How do we capture this complexity? There are precious and fleeting moments when the world is awkwardly and imperfectly united in the struggle for survival, and more recently, in the global protests against police brutality and white supremacy. Academics cannot continue to suture themselves to the same words and worlds that were used to forge the institutions of abuse starkly exposed by the pandemic. Maybe, there is a need for more poetry – not just for appreciating text and aesthetic descriptions, but for the allowance and recognition of feeling feelings that are often denied within the sterile knowledge production process. Moving toward what Maxine Greene calls “wide-awakeness” requires conscious effort to think about our own condition in the world; without keeping ourselves awake, it is not possible to lead a moral life. Is it possible to remain awake while cloistered in academia?
Eyes open, Heart broken: At a distance, together in critical hope
Knowledge production – much like the lives that contribute to it – has always been a fluid and messy relational process, not a static objectified representation of a shared world. Mourning, too, is a process. Neither can happen right now without critical hope. Jeffrey Duncan-Andrade writes about hokey hopeas an enemy of hope. It ignores inequities while offering sedating guidance, such as spoon-feeding the American dream of individualistic hard work to youth who are in under-resourced schools, Or saying things like we are all in this together during a pandemic, as black people die at a disarmingly higher rate than white people, due to the systemic anti-Black oppression that defines the core identity of the United States.
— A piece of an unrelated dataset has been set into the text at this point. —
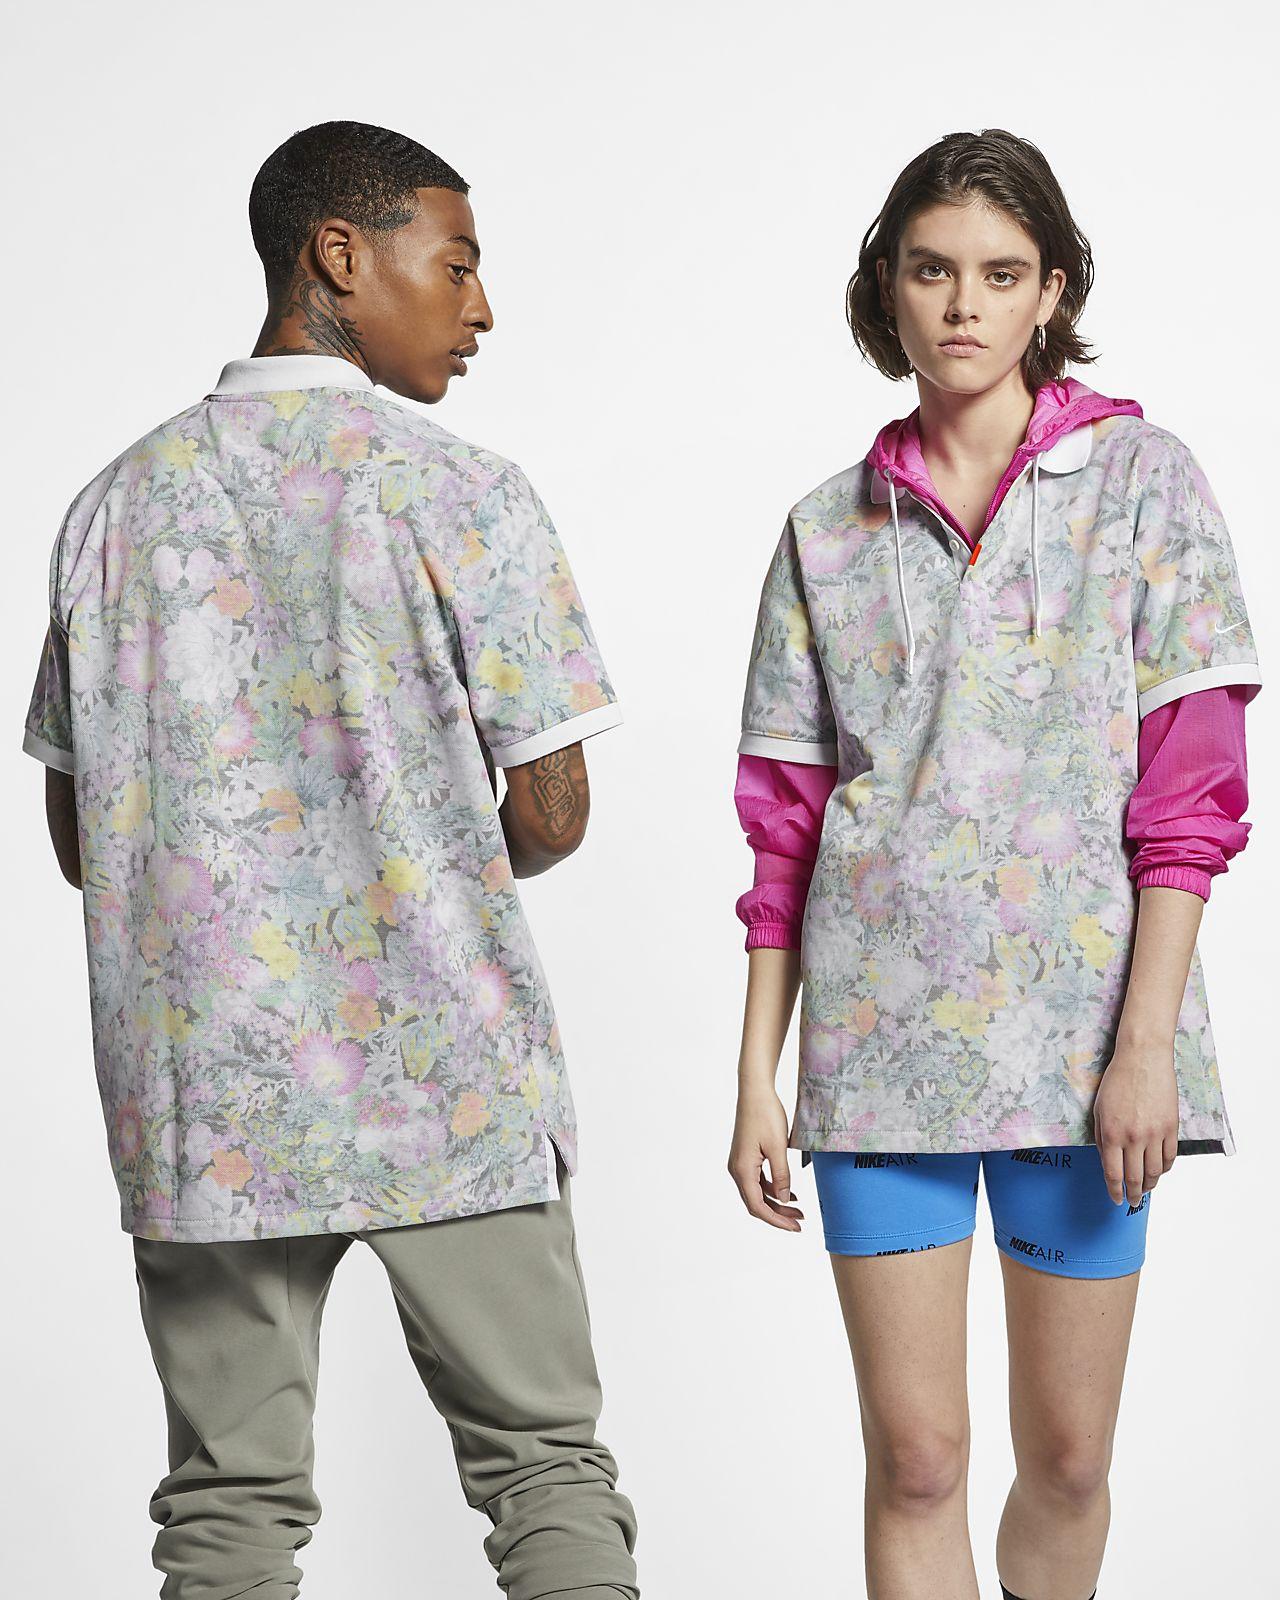 The Nike Polo Unisex Floral Polo

Hokey hope during this moment in history delegitimizes consuming pain and unspeakable loss. Critical hope, on the other hand, demands commitment to radical transformation and active struggle. Necessary radical transformation cannot occur unless we believe that this time has the potential to address deeply rooted inequities in our society. This requires critical hope in others and ourselves. Critical hope transforms the pandemic into what Arundhati Roy calls a portal, a gateway between this world to another.
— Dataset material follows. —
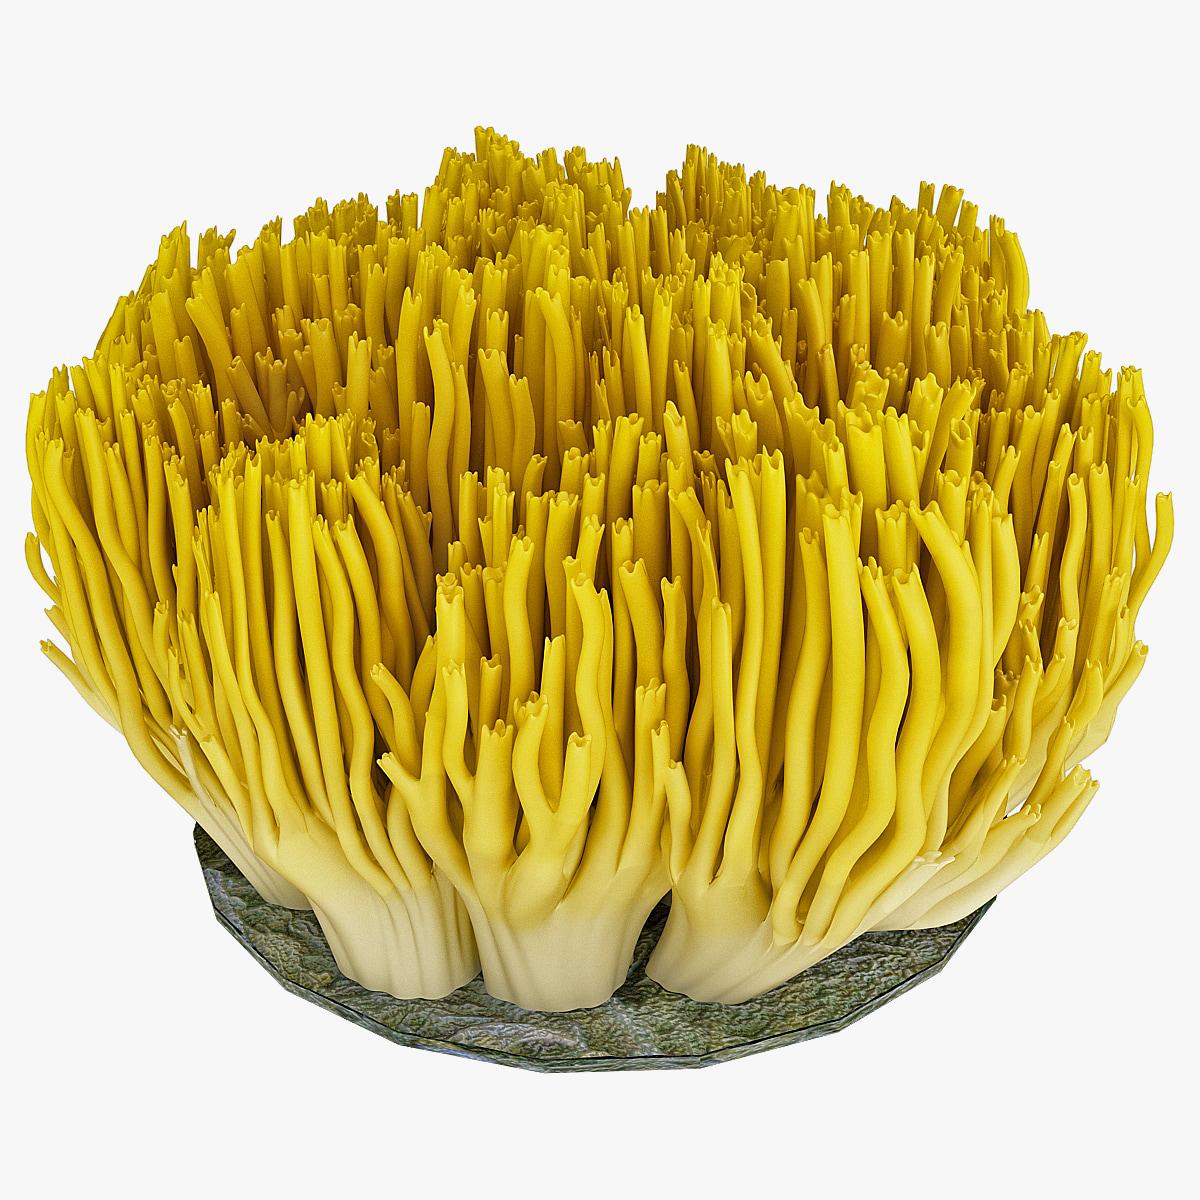 130662_Coral_Fungus_000.jpg

Can academia cultivate and foster and represent this kind of critical hope that ushers us toward new worlds? Can spaces that were built to bolster white supremacy even pretend to have a hand in dismantling it? I see critical hope in the streets. I see critical hope in the heartbreakingly tender expression of Gianna Floyd, George Floyd’s little girl, as she exclaimed, “My daddy changed the world.” I have learned to see that there was always critical hope in my mother’s life, in her wild birds. I’m not sure academia will ever be a source of revolution, but I do know that with this palpable critical hope spilling into the streets, we carry each other through the unthinkable to come, from this world to the next. We have no other choice.